After merging the two DataFrames, do some checks to make sure you were able to match all the rows. Get `.info()` on the merged data and then check the first rows.



## 2.4 Missing Values


Lets check if any rows have missing data. Display the any rows with missing data.

Filter the merged dataframe to look at Brazil, Russia, and Turkey and display the data for those three countries:

What do you notice for the values for those countries? Do you have any thoughts on why this might be?

## 2.5 Displaying the Results
To wrap things up, let's display the data we just cleaned in a sorted table.

First, sort your table by the proportion of endangered mammals in each country so that the country with the highest proportion is first (descending order).



## 2.6 Describe the data

Output the count, mean, standard deviation, min, and percentiles and max for the `proportion_endangered` and `percent_protected`. What is the max value for each?
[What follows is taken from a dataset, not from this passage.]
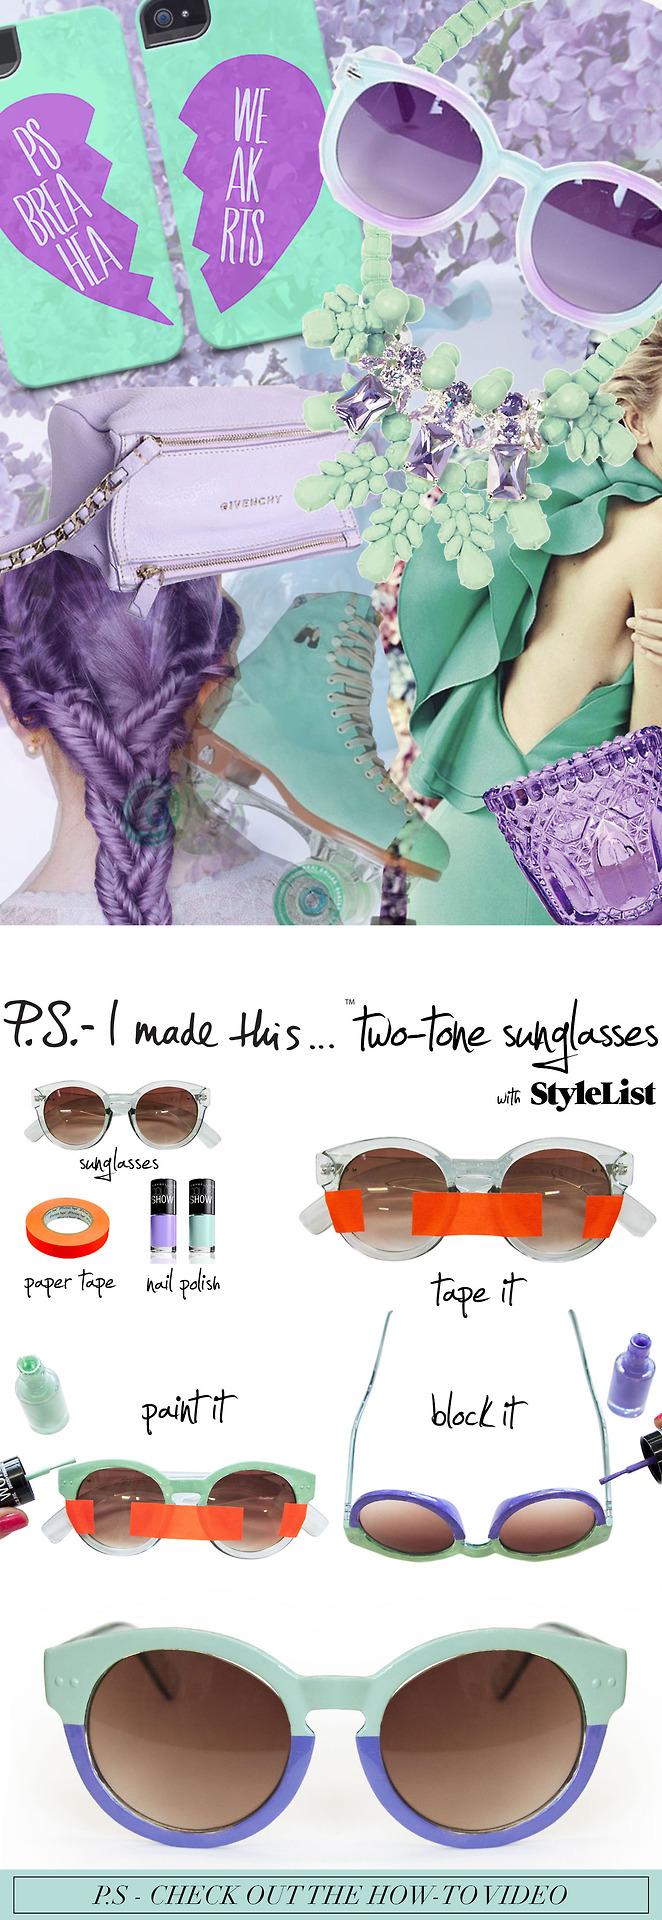 two_tone_sunglasses-tumblr_MERGED

Make a histogram for each of these columns. Describe what you observe in the two graphs.

Now, sort your table by the proportion of land area protected in each country so that the country with the highest proportion is first (descending order).

Scrolling through each of these two tables, what's something you notice? (Write a few sentences - there is not necessarily a 'right' answer here!)